But the amount of polish that you need to turn an in-house thing into an open
source project is just immense. And worse, by the time you have it flexible
enough to handle every possible use case, you've bloated it out to the point
where it's no fun to use anymore. Pick pretty much any off the shelf ORM to
see the end result of that path.

------
akeefer
What he's imagining is somewhat close to what we do with our currently-
internal (hopefully open source some day) ORM framework (which is on Java).
Our schema is defined as metadata in XML, and we build a checksum off the XML
to compare against what's in the database in order to know when to upgrade. To
ensure the stability of the checksum, it's built off of a filtered, sorted
version of the XML DOM tree, rather than the actual files. Not all changes to
the files will affect the checksum, since certain bits of the metadata don't
affect the data or the schema.

We do still use explicit version numbering for version triggers (our name for
migrations), since it's just too hard if the numbers aren't meaningful.
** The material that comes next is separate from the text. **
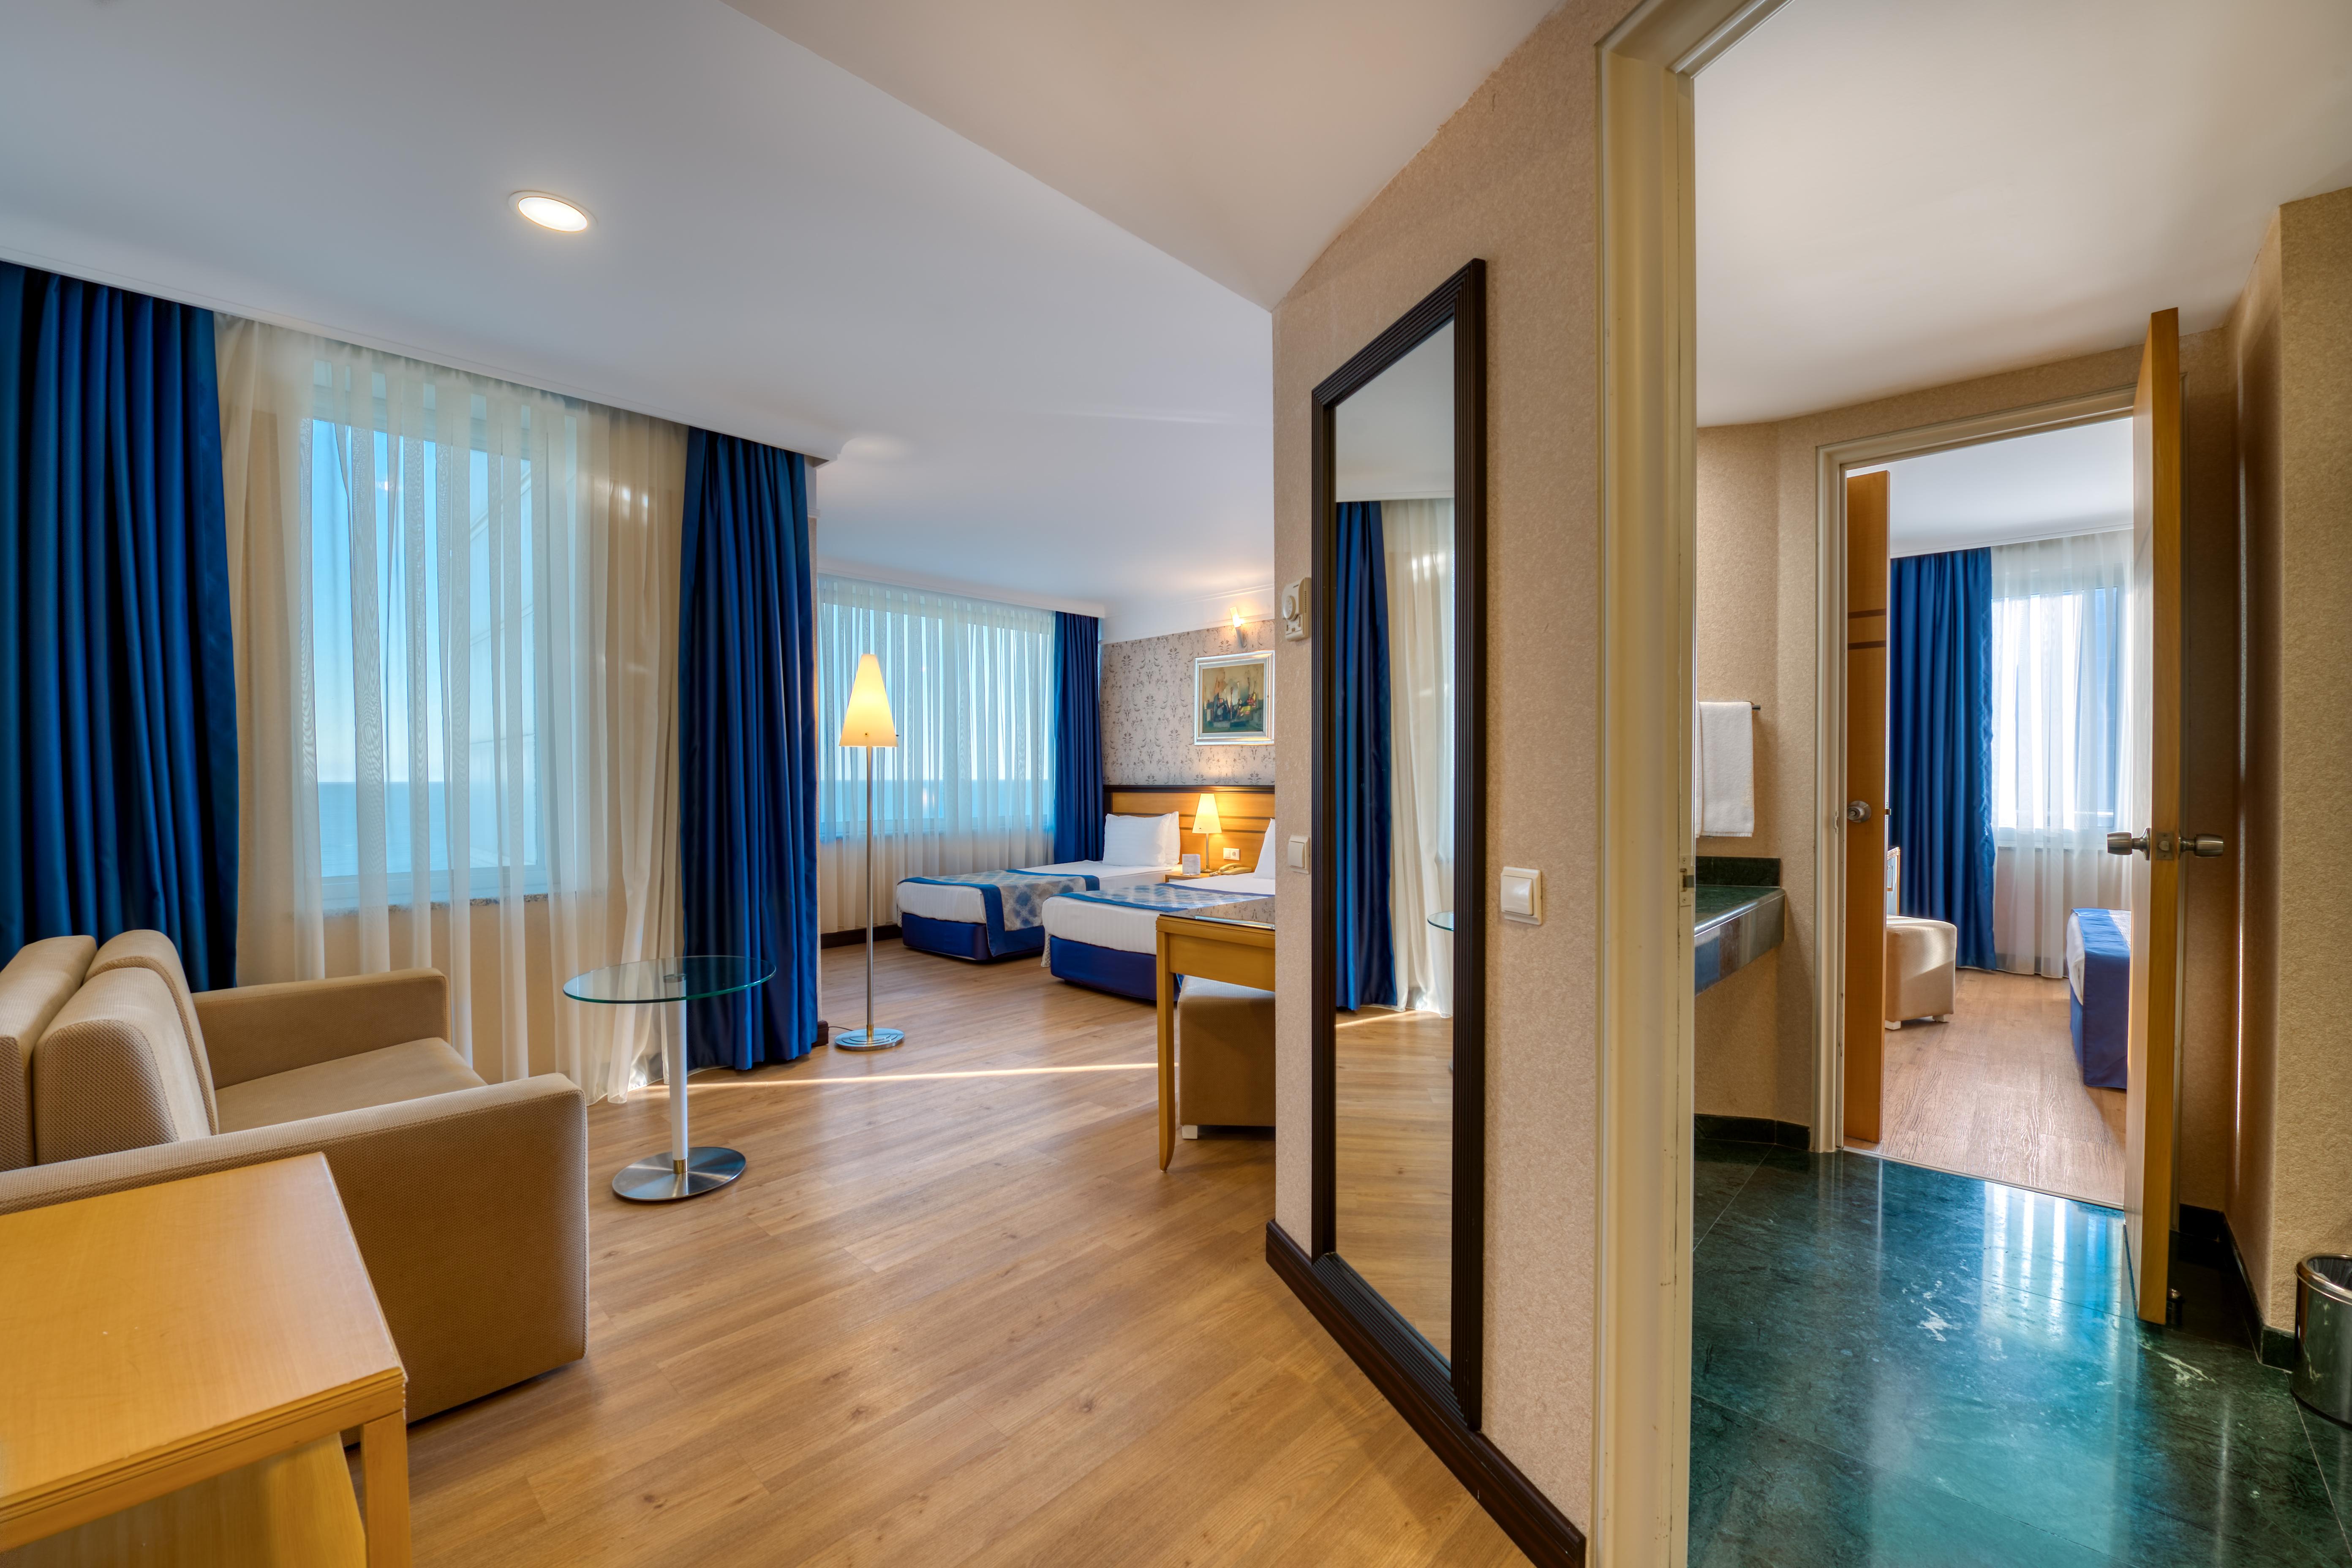 Porto bello hotel resort

If you
just used a checksum, how would you know if A248B5FC comes before or after
3F56EB2? It's a little easier if you can say "the DB is at version 23, and the
latest is version 26, so we need to run these three triggers." The database
stores both the metadata checksum as a hash and a version number; if the hash
changes without the version number changing, we at least know that's an error
and can detect it. Certain types of changes (like adding a nullable column) we
handle automatically by diffing the current schema against the actual DB
schema, while anything more complicated (and anything that touches the data)
requires an explicit trigger.

Since we build deployed enterprise software that gets upgraded on the scale of
years, not days or weeks, we also follow the course of using triggers only on
production databases. It's still not really a perfect solution for all sorts
of reasons I could go into, but it's interesting that we ended up pretty close
to what he's proposing.

------
bodhi
When I was working with migrations and ActiveRecord a couple of years ago, we
just treated the production database as authoritative. We basically used
migrations as disposable chunks of code that would transform the database from
state a to state b. If a migration from 3 months ago didn't work anymore it
really didn't matter, as the production database was well beyond that point
anyway. When we needed to test the migrations, we'd load the most recent
backup of the production database into our dev dbs and try it out.

But we did have the luxury of running a (fairly small-scale) website rather
than distributing an application.